From the Writer’s Almanac: It’s the birthday of the man who wrote the first memoir in Western literature: St. Augustine born in 354 in Thagaste, which is now in Algeria. He is best known for his Confessions, a 13-book autobiography of his life and conversion.

I laughed out loud when I came across this line from that very work as a young man:  “What was God doing before he made heaven and earth?  Some say He was building hells for those who think too much and ask such questions, but I don’t believe that.”

It is certainly true that some of us “live in our heads” too much, and that there is a distinct downside to this.  In particular, we’ve all had the experience of overthinking a problem, and we’ve all realized at one time or another that what we worry about the most almost never happens, while we’re constantly being bitten in the butt by something totally unexpected and, in fact, unforeseeable.

Here’s something from the Daily Stoic: Humble people worry less than the arrogant. Why is that? Because they aren’t so conceited as to think they have any idea (or control over) what may or may not happen.
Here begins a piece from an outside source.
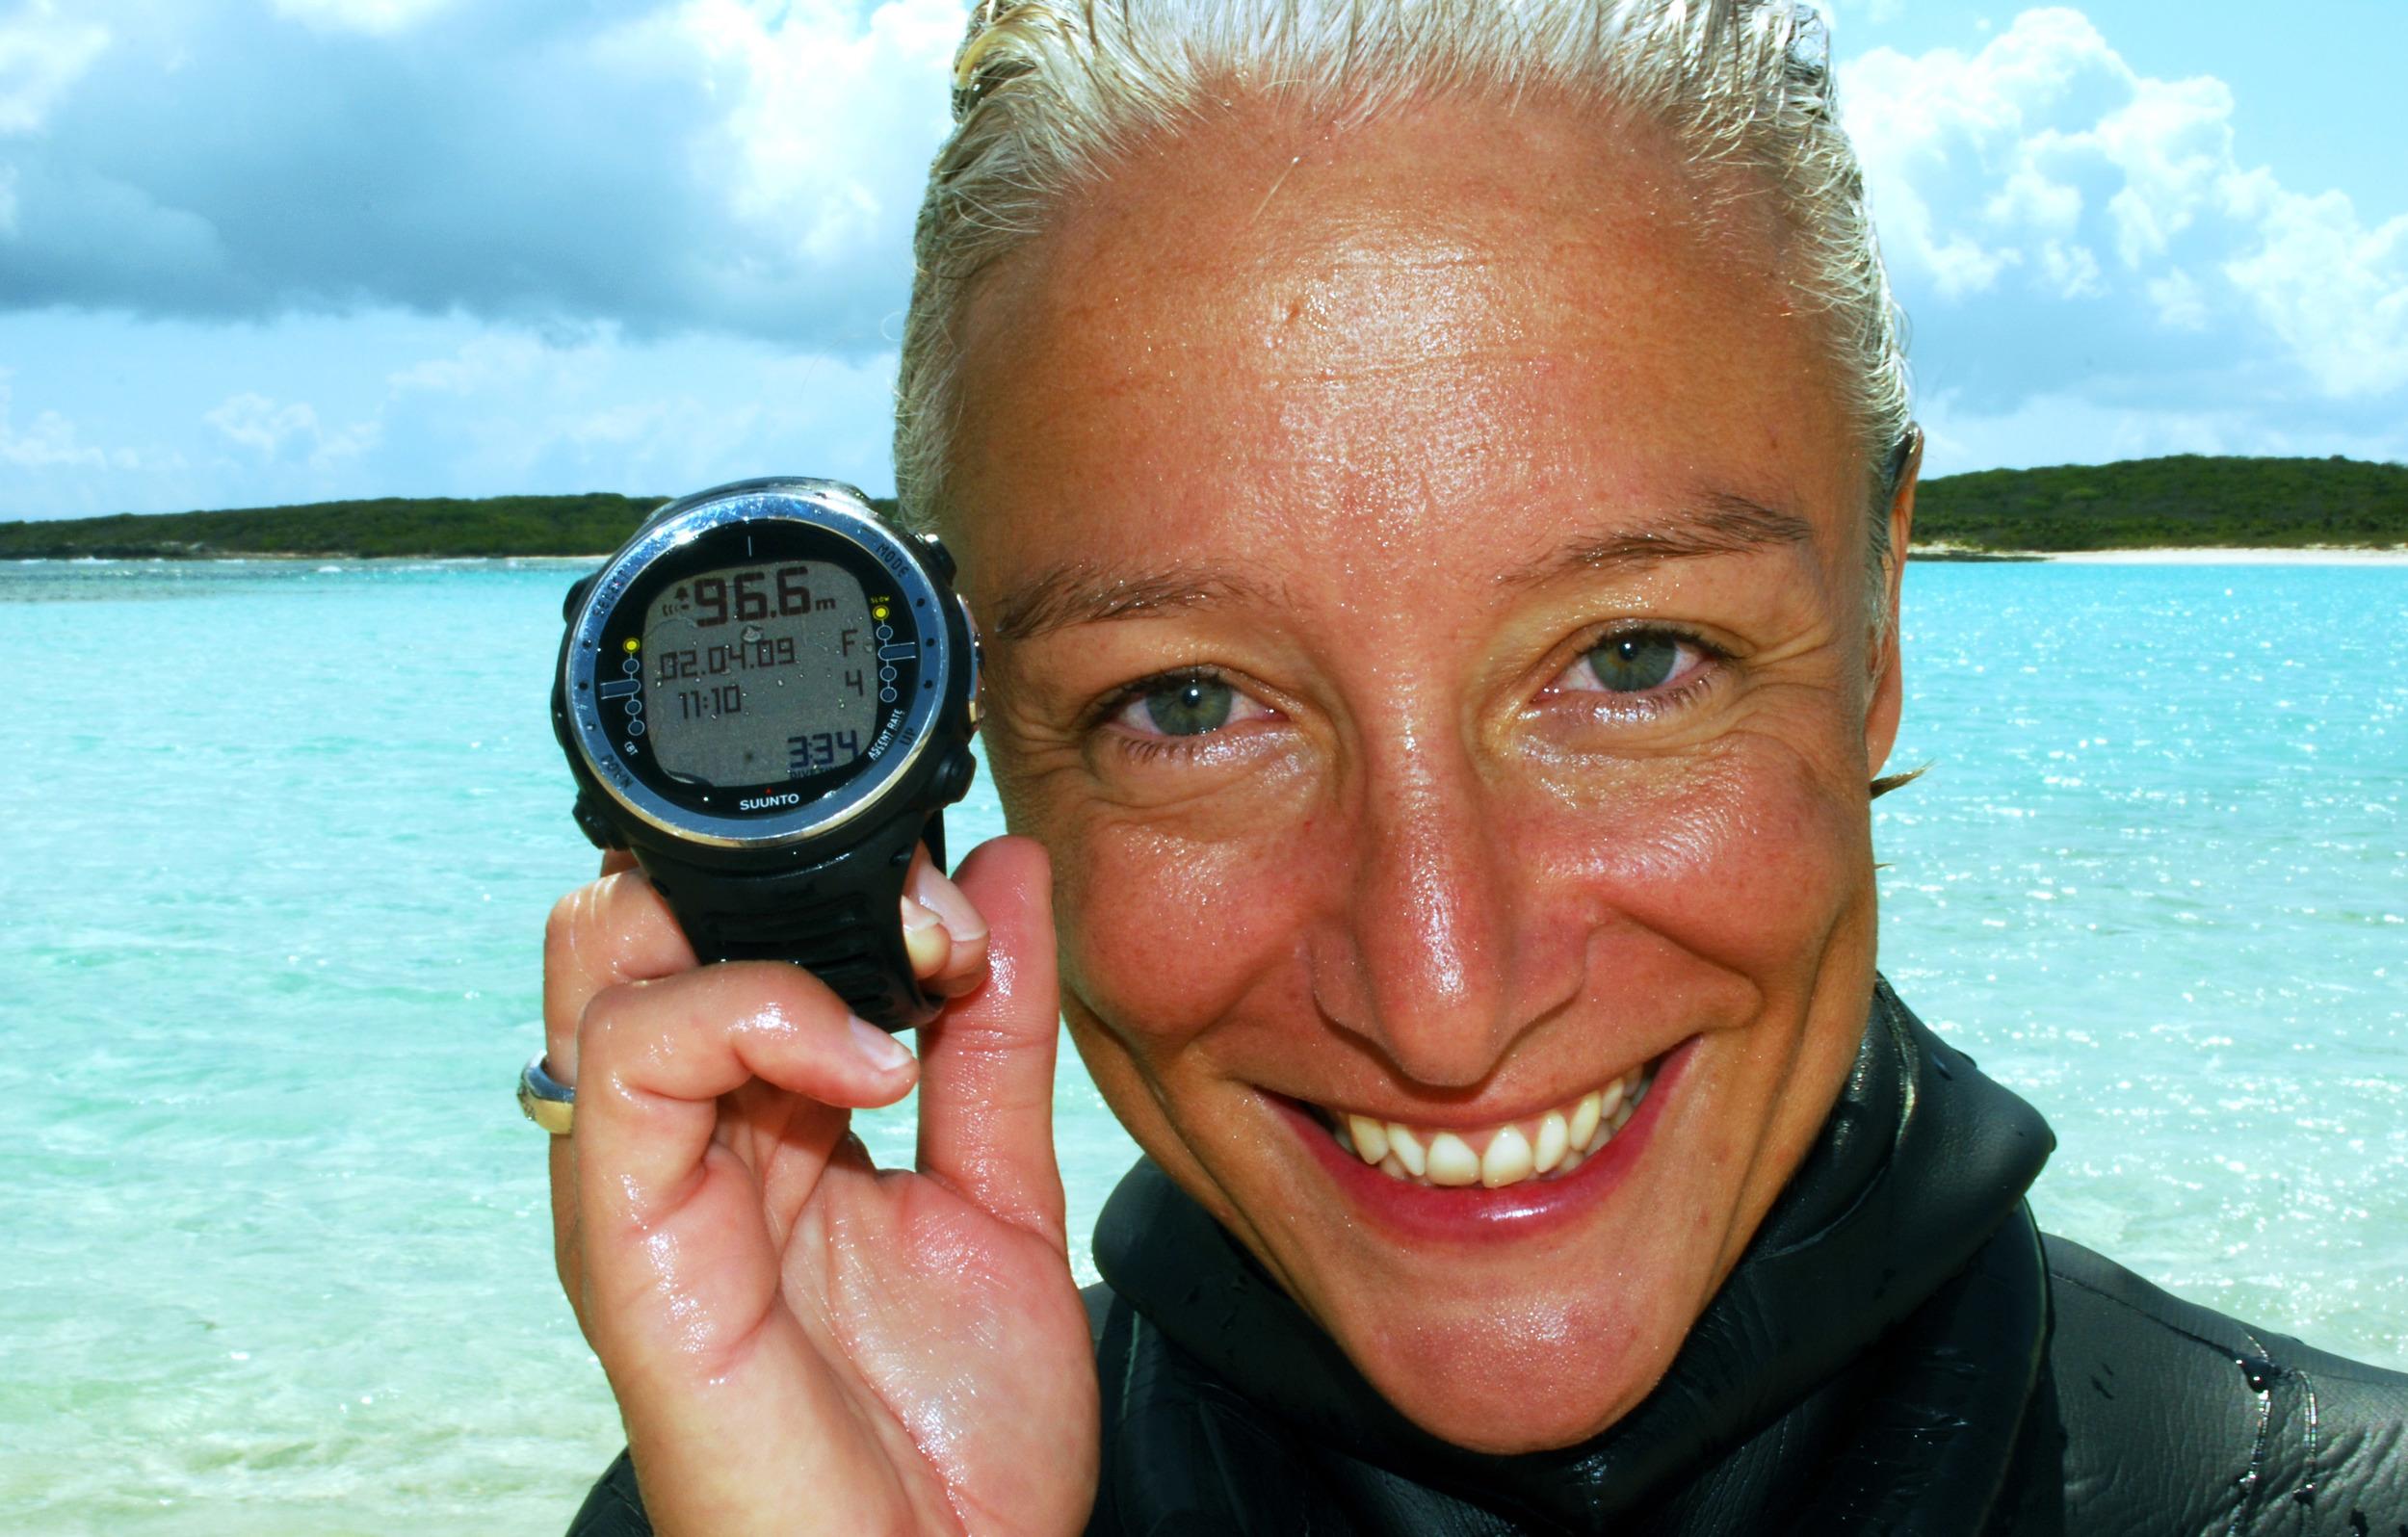 Sara Campbell 96m World Record, Credit Blue Eye FX.jpg
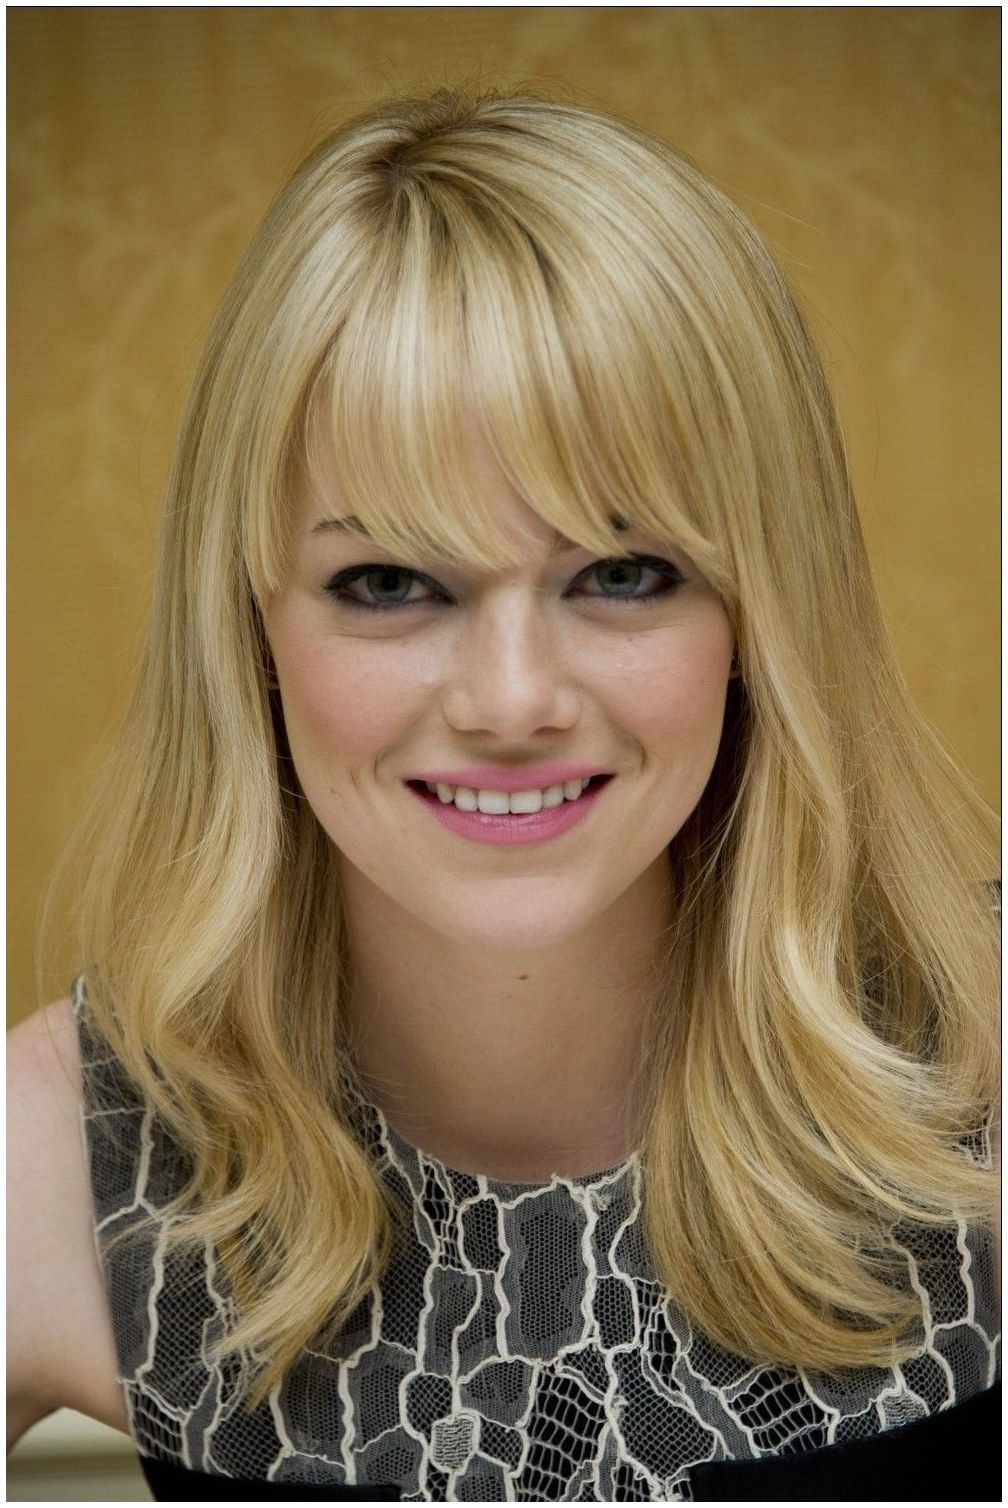 Finehair Shorthair Hairstyles Haircuts To Add Volume To Fine Hair

The poet Rilke put it well: “Life is not even close to being as logically consistent as our worries; it has many more unexpected ideas and many more facts than we do.”

Having said all this, there is most certainly a place for concern for the future in everyone’s life.  Believe it or not, there are people who don’t care about the environment because they’re going to be dead by the time things like climate change and ocean acidification really start making life miserable.

There are actually a range of different flavors of this belief, and justifications for it.  I’m reminded of my conversation a few years ago with Jerry Taylor, a spokesperson for the Libertarian Cato Institute as part of my third book: Renewable Energy: Following the Money.  Here are the highlights of his thoughts, together with my reactions:

Jerry believes that our civilization is not duty-bound to take preventative measures against climate change because we don’t have adequate visibility into the future.  This does not hold water with me.  Yes, we could be saved by a great number of things, e.g., a new technology or some unforeseeable event in the cosmos.  But society’s depending on the unknown to halt the destruction of our environment is not sane, responsible behavior.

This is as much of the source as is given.